Opinion & Commentary
HECS-style loan scheme for Paid Parental Leave provides fairness for women and taxpayers
The Australian government spends around $1.4 billion on statutory Paid Parental Leave (PPL) every year, providing payments to more than 130,000 parents of newborns. Current PPL policy provides the primary carer of a newborn with the full-time minimum wage for up to 18 weeks ($11,538).
The Abbott government proposes to increase the parental leave period to 26 weeks and increase the rate of payment to the primary carer’s pre-birth wages up to a cap of $100,000. This will cost the Australian taxpayer over $5 billion by 2016-17.
In the absence of a PPL scheme, some parents would be unable to finance their own parental leave, and not all parents can access PPL workplace entitlements. However, the current scheme provides payments to parents with earnings of up to $150,000. The Coalition’s scheme would cap payments for those earnings above $100,000 removing means testing altogether.
The Abbott government proposes to take a PPL scheme that is already poorly targeted and introduce a taxpayer-funded payment that will use the tax dollars of lower income parents to make payments of $50,000 to those with the highest earnings. Not only does this contradict the objectives of the rest of Australia’s income support system, it will provide the largest payments to those parents most able to finance their own parental leave and those most likely to already have access to the most generous PPL workplace entitlements.
Earlier this week the Centre for Independent Studies released a new report, Fairer Paid Parental Leave, which proposes a fairer alternative to the Coalition’s controversial reforms (a brief visual summary can be found here).
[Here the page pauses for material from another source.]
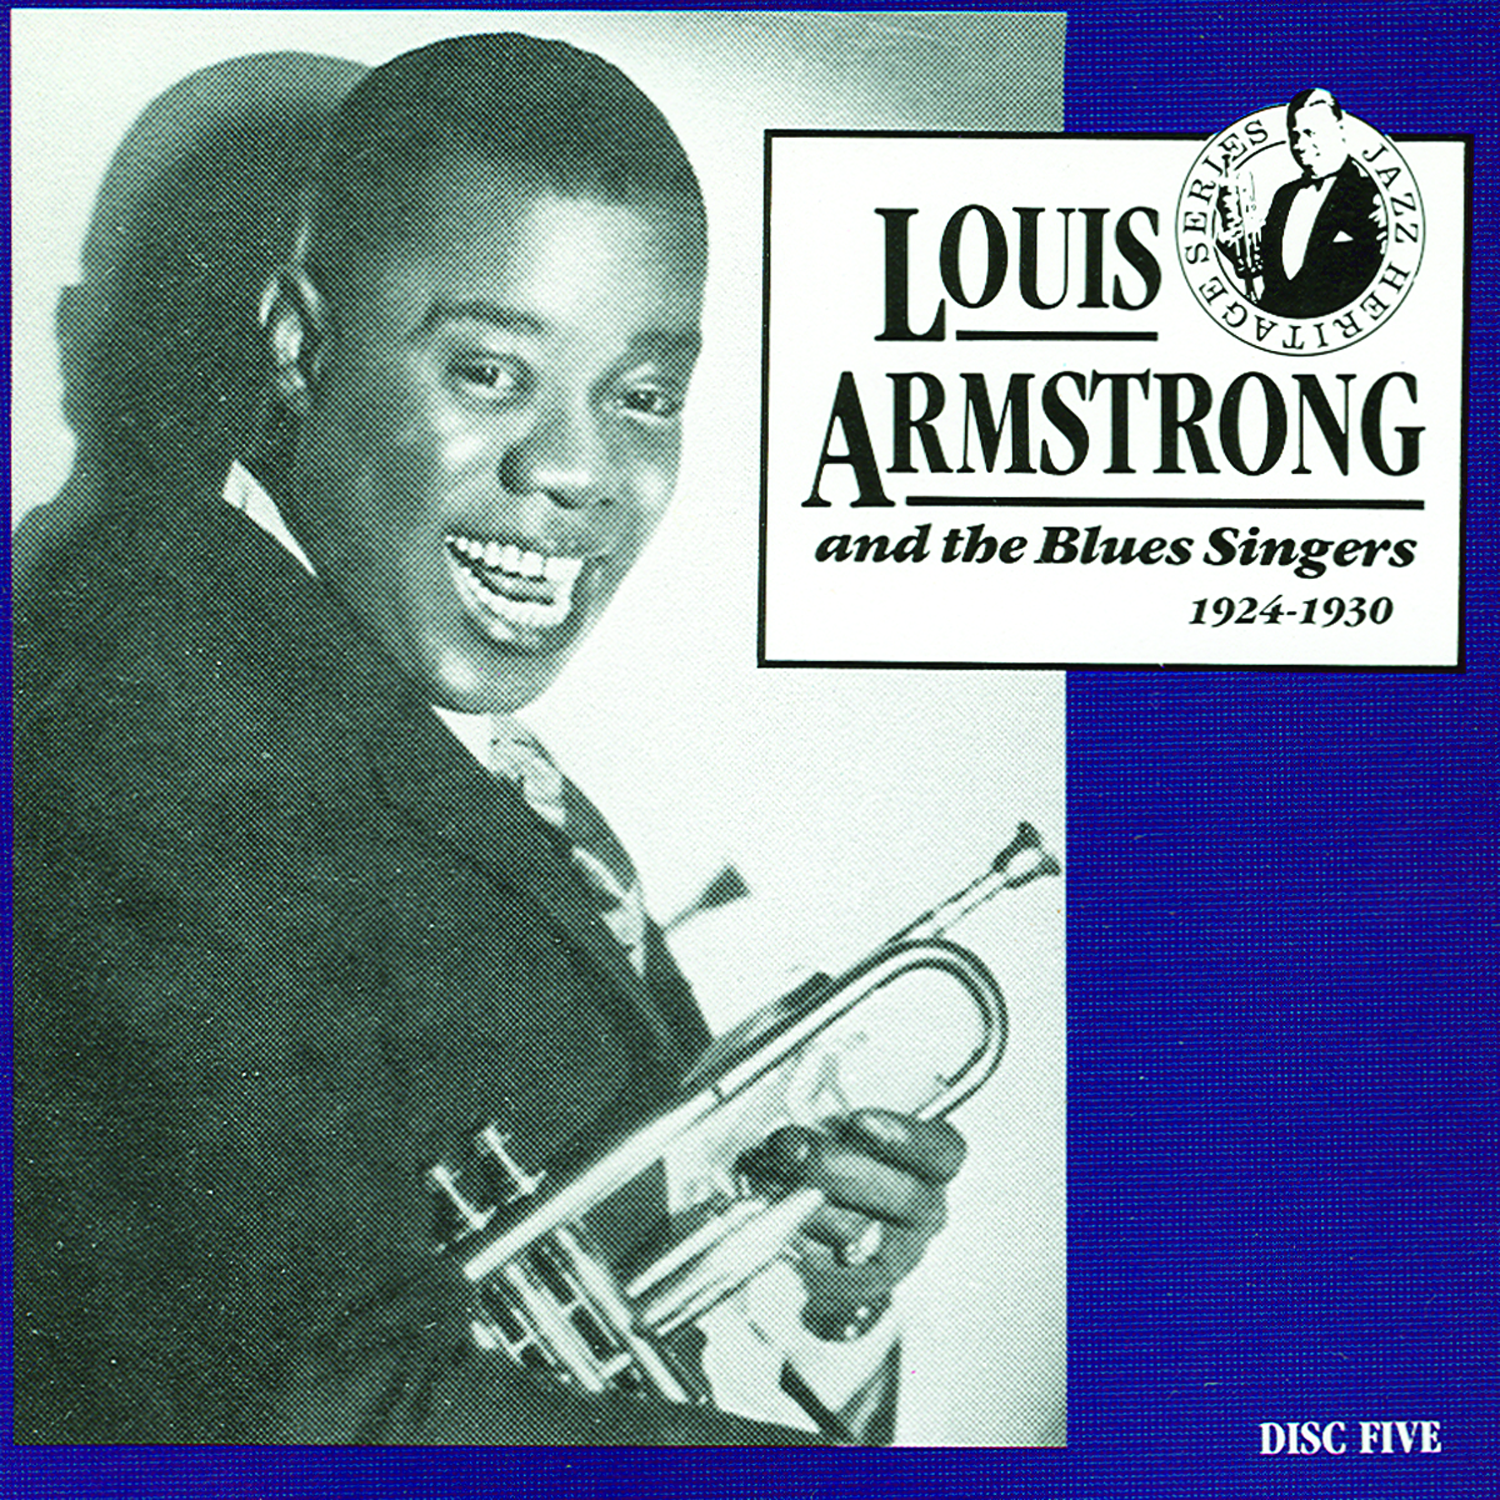 Louis Armstrong And The Blues Singers, 1924 - 1930 CD5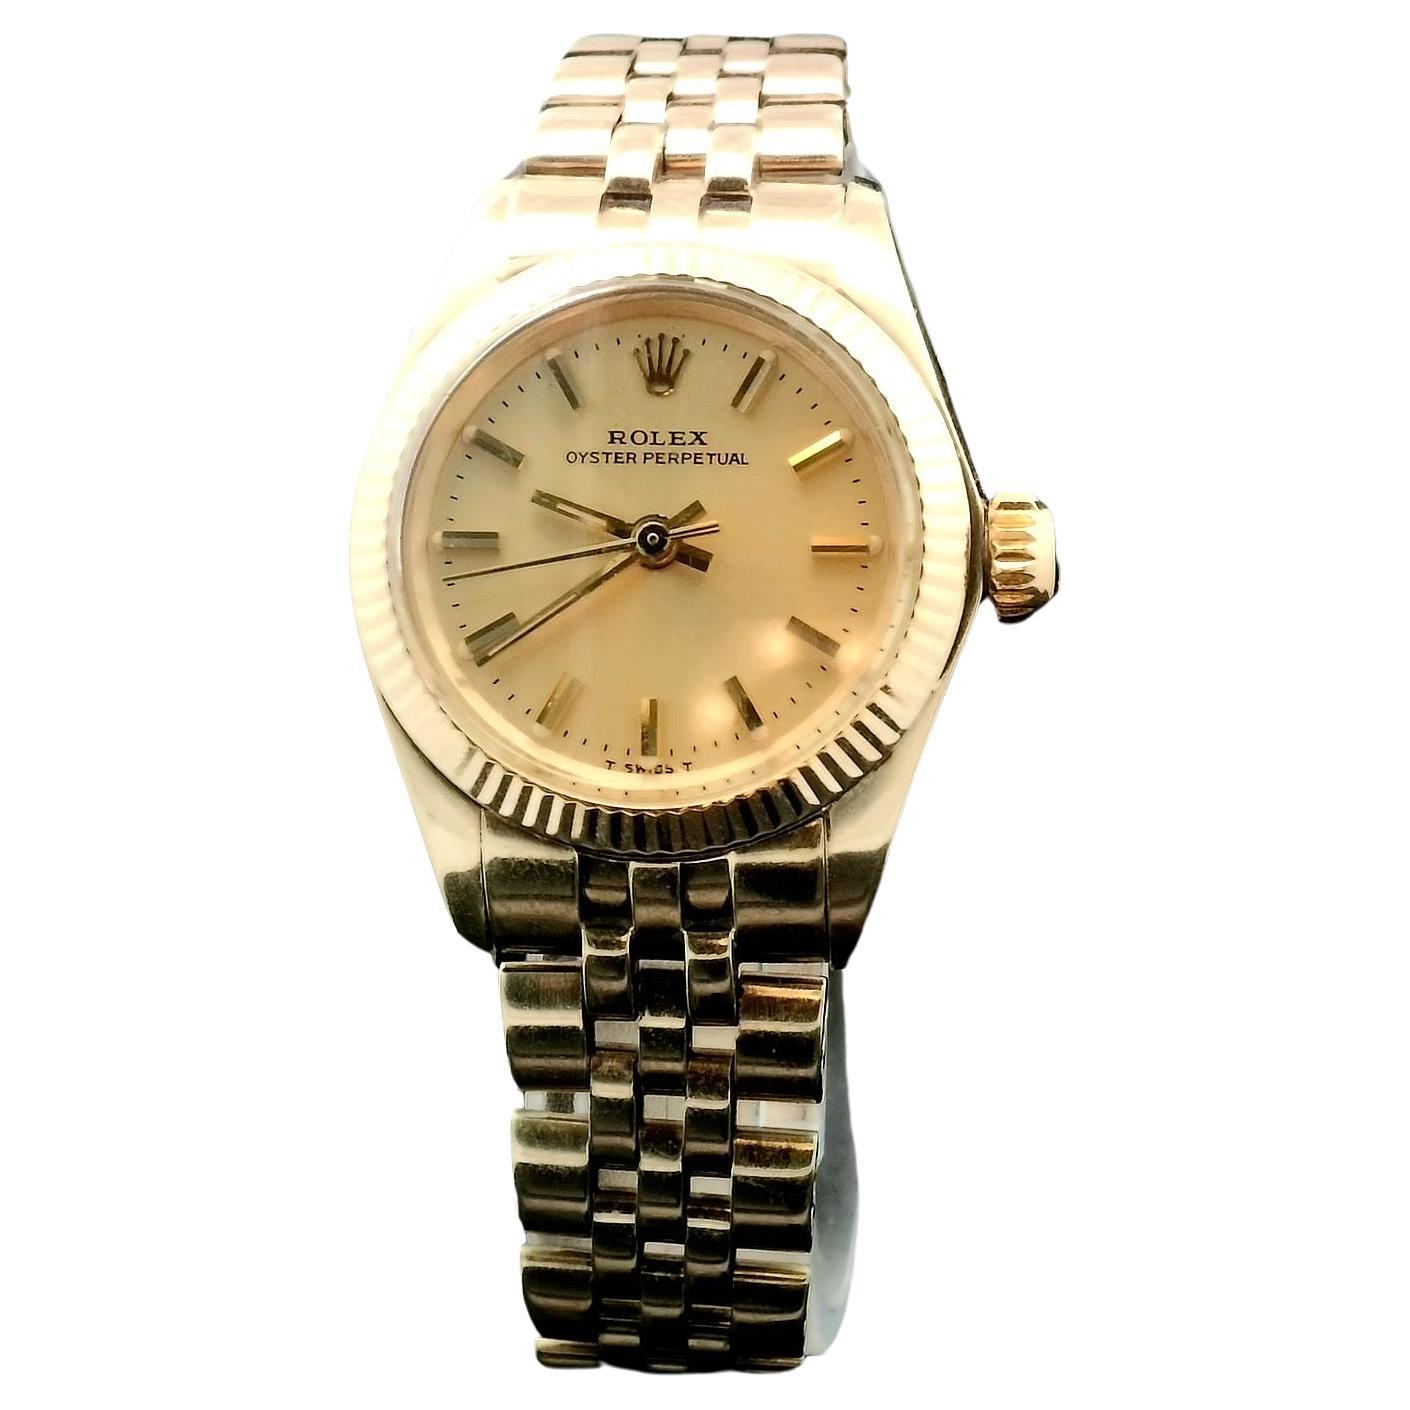 Vintage 1983 Ladies Rolex Gold Jubilee Watch *No Papers For Sale

The report argues that PPL should be provided through a loans program similar to the Higher Education Contribution Scheme (HECS) for tertiary education.
Under a Parental Leave Contribution Scheme (PLCS) the government would make weekly payments to the parents of newborns up to the primary carer’s pre-birth wage for up to 26 weeks. Working parents with earnings less than the full-time minimum wage would receive the full-time minimum wage just as they would under current PPL policy and the Coalition’s proposal.
Paying back the loan would be the responsibility of both parents, but only those with earnings above the full-time minimum wage would need to make repayments. Like HECS, repayment rates would be progressive so as to ensure that repaying the loan wouldn’t be a burden on low-income families.
A typical family where the mother has annual earnings of $40,000 prior to her first birth and whose partner has annual earnings of $60,000 would pay off a PPL loan in 6 years. Repayments would never exceed 4% of their combined earnings and 89% of the loan would be repaid by the primary earner.
A PLCS would achieve the gender equity objectives of statutory PPL. The progressive repayment rates ensure that it is the higher income parent, who is generally male, who would make most of the repayments, in recognition of the value of the primary carer’s unpaid parenting. The Coalition’s scheme on the other hand is funded by taxpayers, many of whom are women whose careers have been interrupted by child birth.
We need a better PPL scheme for Australian families and working women—a PPL scheme that ensures that all Australian children benefit from parental leave but one that doesn’t push all of the cost onto taxpayers to the benefit of those who least need it.
Matthew Taylor is a Research Fellow in the Economics Program at The Centre for Independent Studies (CIS).